In addition, for each LL-deletion variant identified by present methods, such LL-deletion variants can be combined with FOB1 deletion strains to produce novel double-deletion strains, referred to as “LLΔ-fob1Δ” variants, and also combined with fob1Δ-sir2Δ-double-deletion strains to produce novel triple-deletion strains, referred to as “LLΔ-fob1Δ-sir2Δ” variants. The degree of Sir2-dependent transcriptional silencing for each “LLΔ-fob1Δ” double variant and “LLΔ-fob1Δ-sir2Δ” triple variant can be determined. A “LLΔ-fob1Δ-sir2Δ” variant that does not exhibit an increased life span compared to an increased life span observed for a LL variant with only a single-gene deletion in question (“LLΔ”) indicates that the gene is likely to act within a Sir2-dependent pathway. Genes (LLΔ) identified in LL-deletion variants are candidates for Sir2 regulators, which are predicted to be conserved in higher eukaryotes. Various methods for generating new genetic variants are known by persons skilled in the art. Exemplary reporter genes include ADE2 or URA3 that can be positioned near telomeres, and ADE2, URA3 or MET15 that can be positioned within rDNA sites.
Translation Inhibition and Aging
Many of the genes, which when deleted result in extended replicative life span, encode proteins that regulate or are directly involved in ribosome biogenesis. RPL31A, RPL6B and RPS21A encode components of the ribosome and REI1 is implicated in formation of the 60S subunit of the ribosome. Ribosomal genes are often duplicated in the yeast genome. Thus deletion of RPL31A reduces but does not eliminate formation of functional ribosomes since RPL31B encodes a gene product with redundant function. Thus, in these deletions, we are likely reducing the number of ribosomes, but not eliminating ribosomal function altogether (an event that would be lethal). Polysome profiling, which measures the quantity of ribosomes in yeast cells and their degree of association with mRNA, supports this assertion. Δrpl31b or Δrei1 cells contain less ribosomes associated with mRNA and a striking reduction in the free cytoplasmic 60S (but not the free 40S) subunit of the ribosome. Since Rpl31b is a known component of the 60S subunit this result is not surprising.
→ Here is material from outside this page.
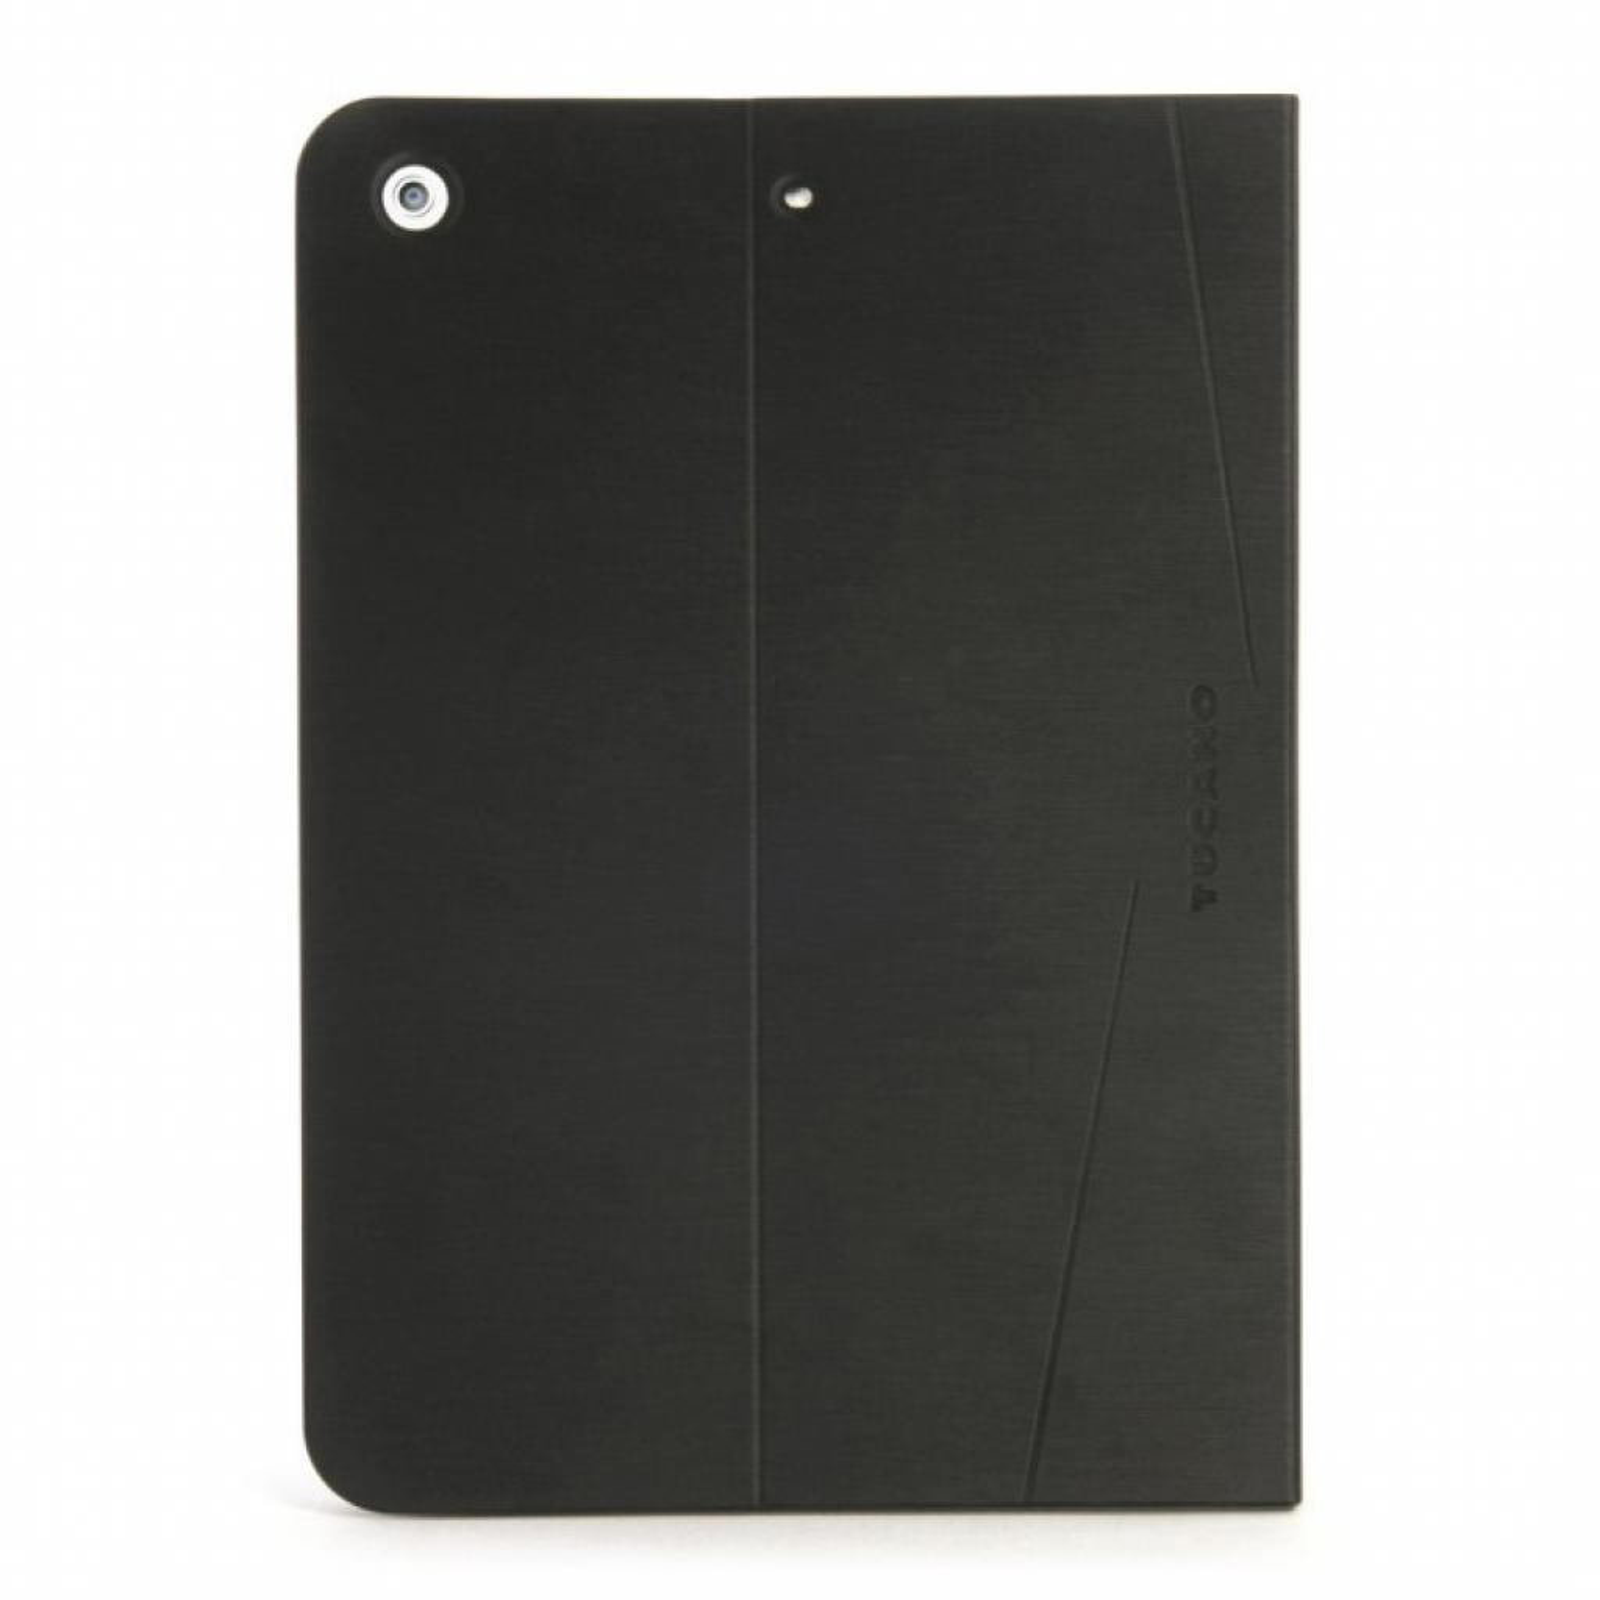 Чехол для планшета Tucano iPad Air Filo Black (IPD5FI) изображение 5

Also identified in our genome-wide RLS screen were signaling components that link nutrient levels to ribosome biogenesis, including TOR1 and URE2. Deletion of SCH9 and components of the protein kinase A (PKA) pathway also result in extended RLS. These genes encode products in signaling pathways that also link nutrient levels to ribosome biogenesis. However the downstream effects of PKA and Sch9 signaling are numerous and no one has connected life span extension by reduced PKA or Sch9 activity to ribosome biogenesis. We speculate these two events are linked and moreover that reduction in ribosome biogenesis may be the primary mechanism by which CR (which results in less PKA, Sch9 and TOR activity) extends yeast RLS. Indeed we find that ribosome levels are reduced in Δsch9 cells as measured by polysome profiling, consistent with predictions based on gene expression profiling. Tor1 is a protein kinase intimately linked to yeast cell growth. Yeast in rich media are exposed to high levels of nitrogen and carbon (e.g. glucose), which results in TOR activation, ultimately leading to enhanced ribosome biogenesis and increased growth rates.
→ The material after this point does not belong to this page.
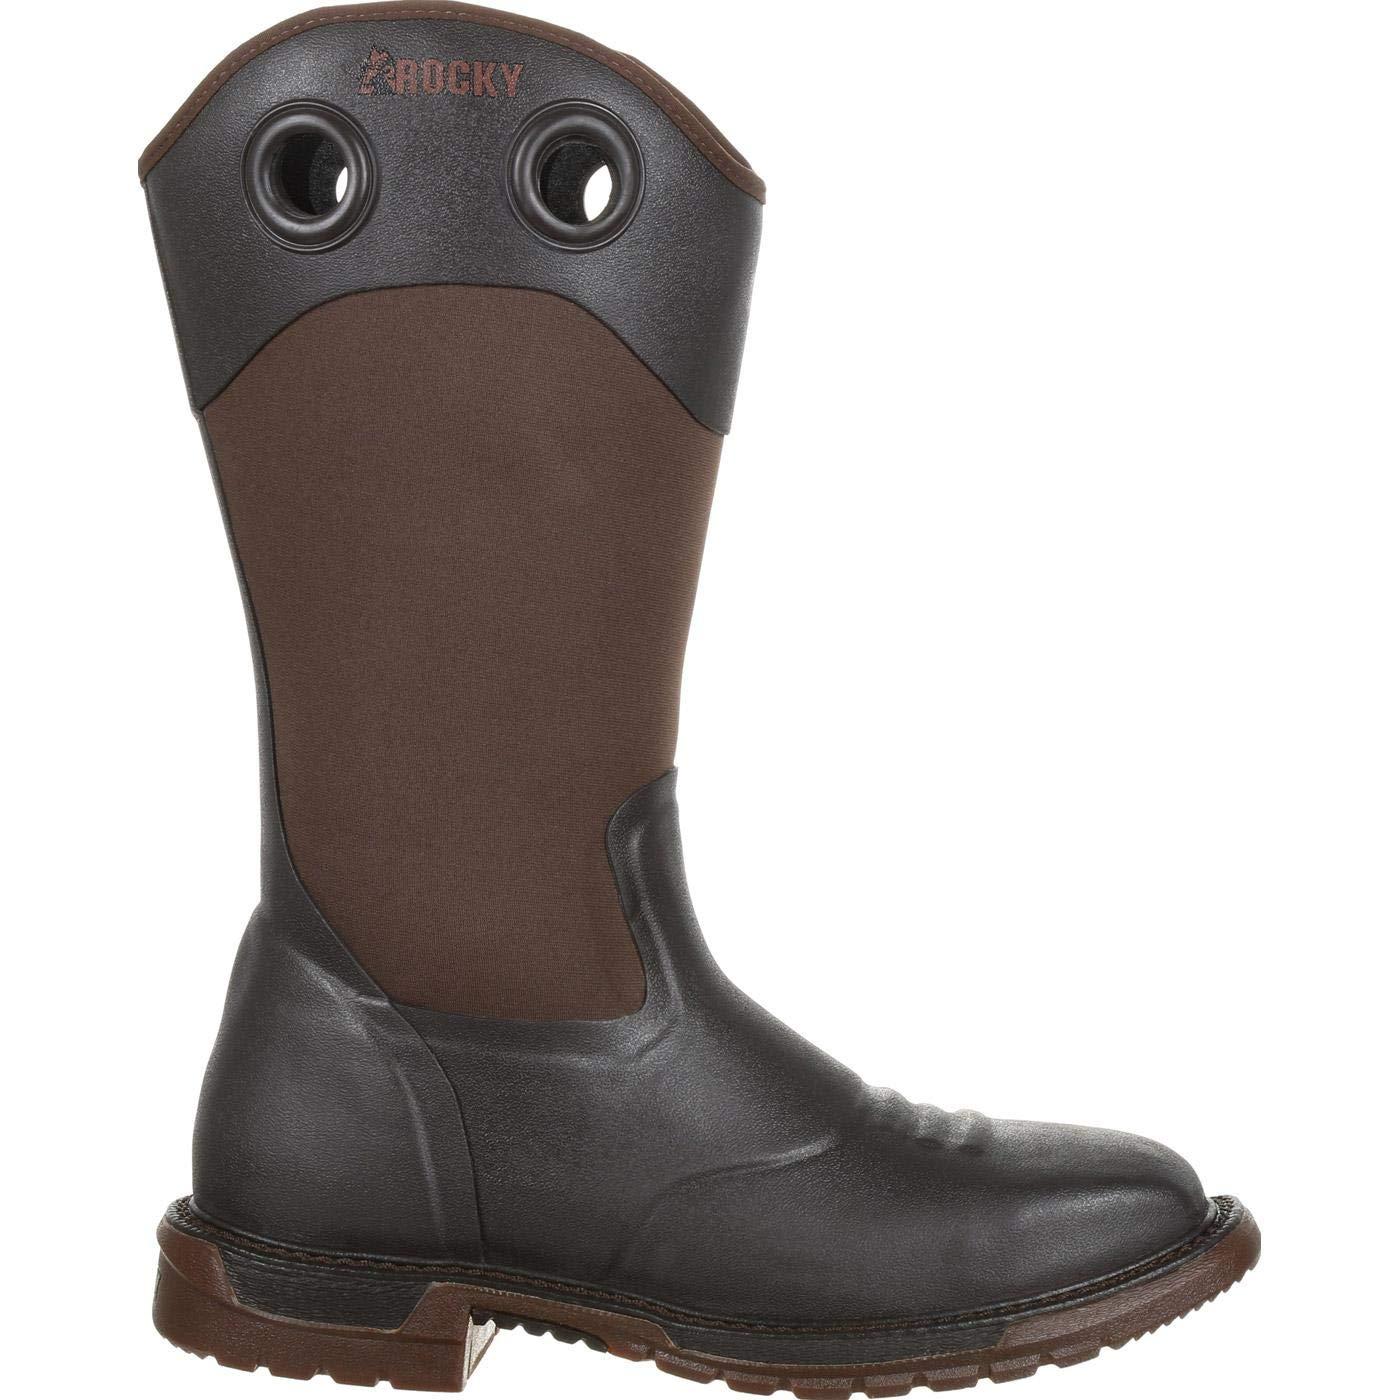 b4c2559d05b ROCKY Men's Original Ride FLX Waterproof Western Work Boot Steel Toe

A number of drugs antagonize TOR activity including rapamycin and several derivatives thereof. In addition, the drug methionine sulfoximine (MSX), an inhibitor of glutamine synthase, results in decreased glutamine levels. Intracellular glutamine levels reflect nitrogen availability, and intracellular levels of this metabolite are monitored by TOR. Increased glutamine levels therefore result in increased TOR activity. Thus exposure of cell to MSX results in decreased TOR activity. We find that exposure of yeast cells to MSX extends replicative life span in yeast, confirming our observation the Δtor1 strains have increased RLS and suggesting that MSX and derivatives thereof may be effective anti-aging compounds in eukaryotic organisms.
There are approximately 150 yeast genes that are known to be involved in ribosome biogenesis and function. We will perform the following experiments to address their possible roles in yeast replicative aging: (1) perform RLS (replicative life span) analysis on all deletion strains, (2) examine growth rate of all deletion strains in rich and calorie restricted conditions as a measure of their relative contribution to ribosome function, and (3) perform polysome analysis on all deletion strains that exhibit extended replicative life span.
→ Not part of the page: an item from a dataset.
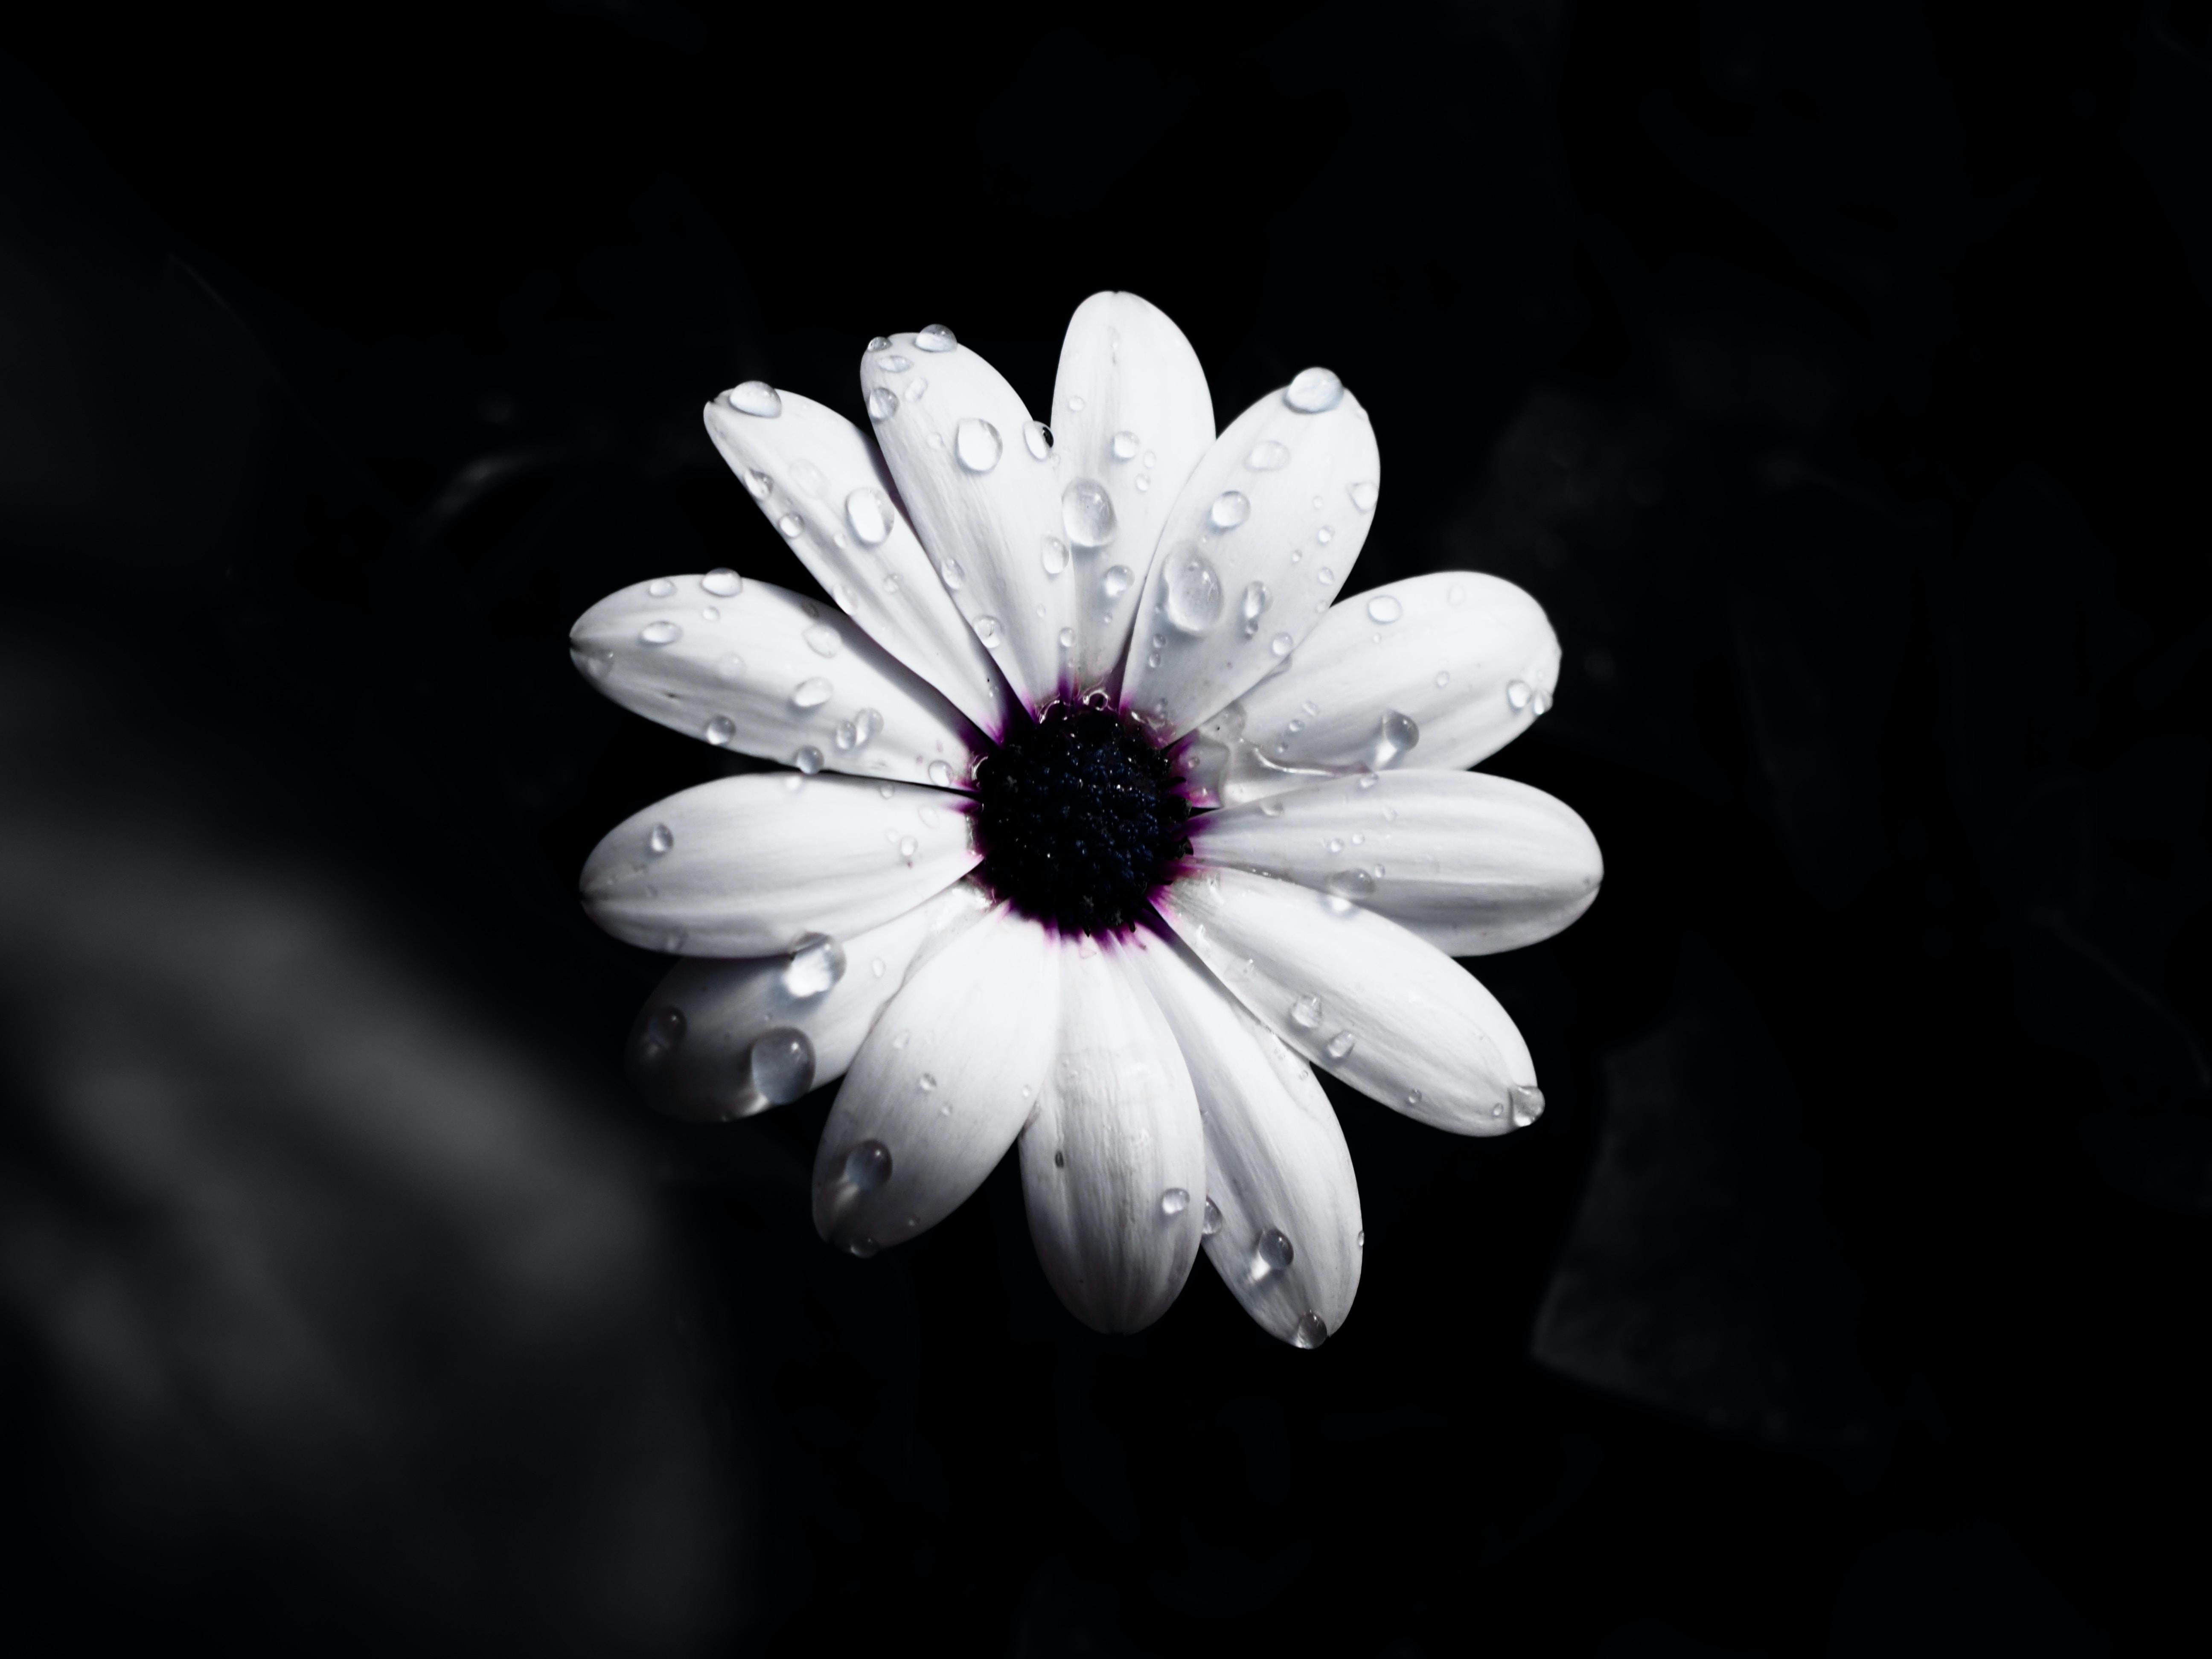 photo of white daisy flower

How does decreased ribosomal biogenesis lead to enhanced replicative life span? We consider two general explanations. First, lengthened RLS may result from a general decrease in the synthesis and activity of ribosomes. This model derives from the observation that the yeast cell overproduces ribosomes in times of plenty. Indeed a significant proportion of ribosomes in the yeast cell are not associated with mRNA as indicted by polysome profiling of young wild-type cells. Ribosome production accounts for up to half of the cells energy usage under conditions of rapid growth. One possibility is that there is a tradeoff between reproduction (growth rate) and aging in yeast, as has been speculated for mammals. In other words, the yeast cell overproduces ribosomes to maximize growth rate and thus production of new cells. Therefore, the yield of daughter cells on a population level (clonal reproduction) would be maximized at the expense of aging in single “mother” cells. The ability of a single mother cell to divide more than 15 times may be superfluous under these conditions since rapid division ensures that the vast majority of cells in the population are young. Alternatively, extra ribosomes may be produced and stored in times of plenty, so that they can be used in later times of starvation when energy may not be sufficient to generate new ribosomes. If it is true that enhanced RLS derives from the benefits of reduced ribsome biogenesis, then drugs that precipitate this effect, may prolong life span. Possible drugs include cycloheximide and edeine, which inhibit either translation or translation initiation (see section on drugs).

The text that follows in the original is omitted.